Быстро получил он деньги и убрал так поспешно, словно краденые.
— Ну, а теперь быстрее в «Рак».
«Рак» был излюбленным постоялым двором всех параскайских дворян. Во-первых, просторный, а во-вторых, и вино там было неплохое, не говоря уже о том, что им нравилась вывеска с гербом: небольшое ярко-красное чудище с огромными клешнями и множеством ног, которыми рак пятился назад. В давние времена короли охотно украшали им и дворянские гербы. Они знали, что к чему.
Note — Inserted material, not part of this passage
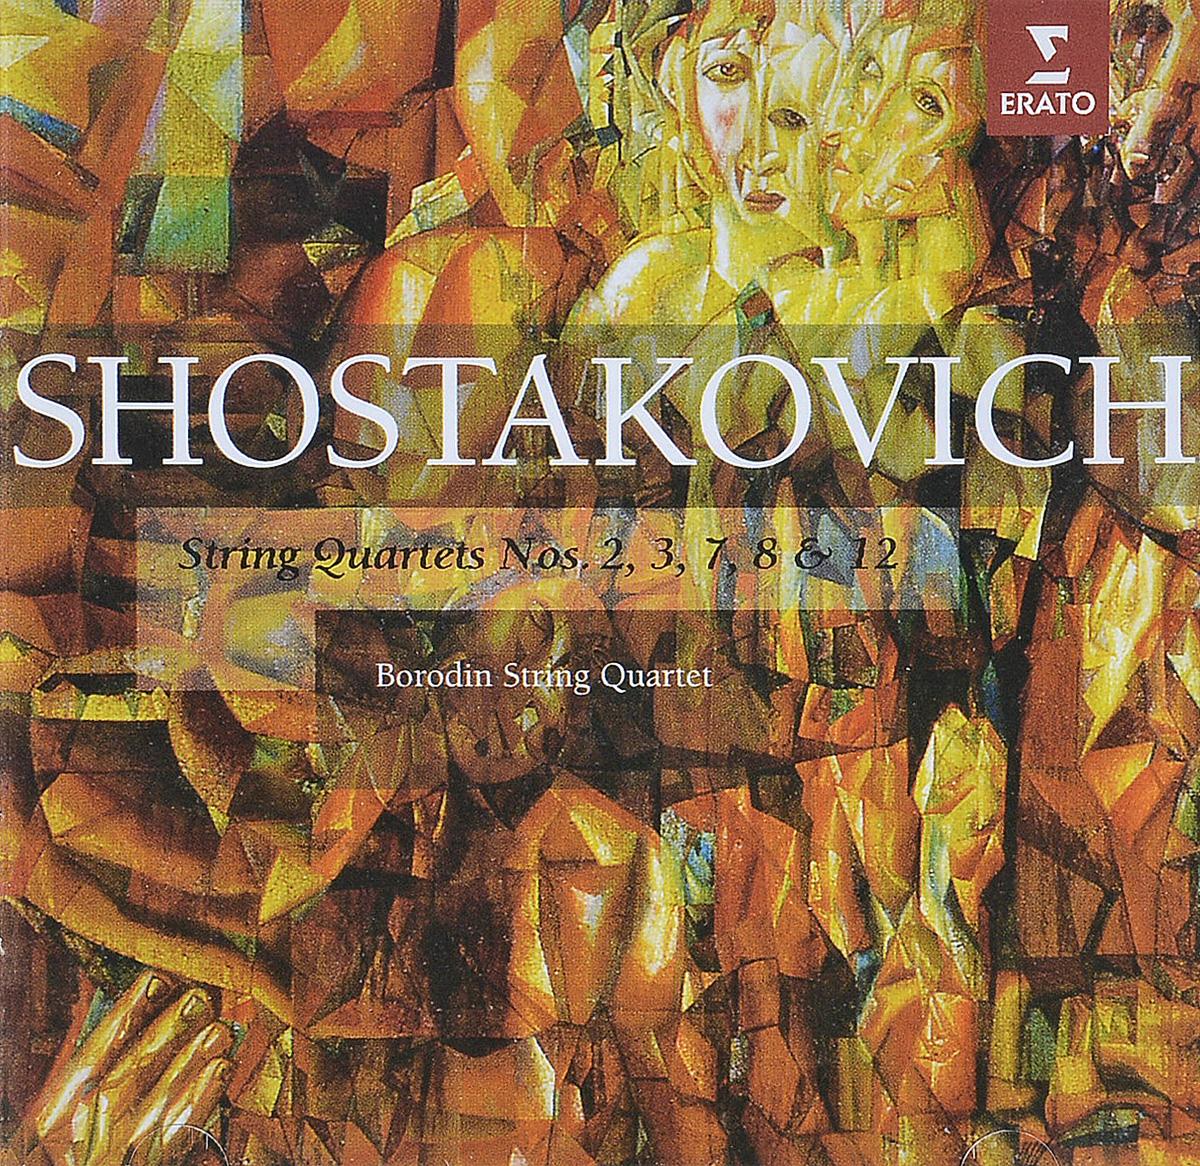 Дмитрий Шостакович Dmitri Shostakovich. Streichquartett Nr.2, 3, 7, 8, 12 (2 CD) spectral classics pl151 bg 2 boxes

Сам же корчмарь, хозяин «Рака», не очень-то уподоблялся своему раку: он ступал широко и двигался вперед и в материальном отношении и в отношении собственных размеров; сейчас он весил девяносто шесть кило (что поделаешь — питание хорошее!). Только фамилия его уменьшалась, «худела». Когда он прибыл сюда из Праги и стал к винному пульту, его звали Ференцем Вайналко. Десять лет назад он отбросил «ко» и стал Вайналом, а еще через пять лет его фамилия, потеряв и «л», стала Вайна; под этой фамилией он выплыл в Мишкольце, затем снова изъял из своего «корабля» еще один слог, так что, с тех пор, как он подвизается в «Раке», где у него отменно идут дела, его стали величать господином Вай, а с прошлого года — и вовсе Ваи. Словом, один бог знает, что будет дальше; ясно одно, что при таком образе жизни у него уже немного букв осталось в запасе.